Text wraps a string; ToolCall carries the call id plus the function name and JSON arguments the model chose. When you use an agent, tool calls are executed for you; at this layer you decide what to do with them.

The Message enum represents conversation messages with rich content support:

pub enum Message {
User { content: OneOrMany<UserContent> },
Assistant { content: OneOrMany<AssistantContent> },
}

UserContent supports text, images, audio, documents, video, and tool results:

pub enum UserContent {
Text(Text),
ToolResult(ToolResult),
Image(Image),
Audio(Audio),
Document(Document),
Video(Video),
}

For the common text-only case, use the Message::user(...) and Message::assistant(...) constructors rather than building the enum by hand.

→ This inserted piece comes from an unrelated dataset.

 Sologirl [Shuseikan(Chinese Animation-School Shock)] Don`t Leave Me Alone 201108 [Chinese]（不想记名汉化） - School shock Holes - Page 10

Rig provides a Usage struct and the GetTokenUsage trait for tracking token consumption. Every completion response carries one, and the agent loop aggregates them across turns:

pub struct Usage {
/// Input ("prompt") tokens used by the request.
pub input_tokens: u64,
/// Output ("completion") tokens generated.
pub output_tokens: u64,
/// Stored separately — some providers only report a total.
pub total_tokens: u64,
/// Input tokens read from a provider-managed prompt cache.
pub cached_input_tokens: u64,
/// Input tokens written to a provider-managed prompt cache.
pub cache_creation_input_tokens: u64,
/// Tokens spent on tool-use prompts.
pub tool_use_prompt_tokens: u64,
/// Tokens spent on internal reasoning by reasoning-capable models.
pub reasoning_tokens: u64,
}

To read aggregated usage for a whole agent run (across every turn of the tool loop), call .extended_details() on a prompt request — see Token usage & run details on the Agents page. When implementing a provider, implement GetTokenUsage on your raw response type to expose these metrics.

Completion failures surface as CompletionError, which separates transport problems (HTTP, JSON) from provider-reported ones:

pub enum CompletionError {
HttpError(reqwest::Error),
JsonError(serde_json::Error),
RequestError(Box<dyn Error>),
ResponseError(String),
ProviderError(String),
}

Typed-output paths add StructuredOutputError, which wraps a PromptError (itself carrying a CompletionError, MaxTurnsError, or tool failure) or a deserialization failure. Error Handling covers telling transient errors from fatal ones and retrying safely.

Adding a new backend means implementing CompletionModel (and friends) for your provider type — the Extending Rig guide walks through it end to end.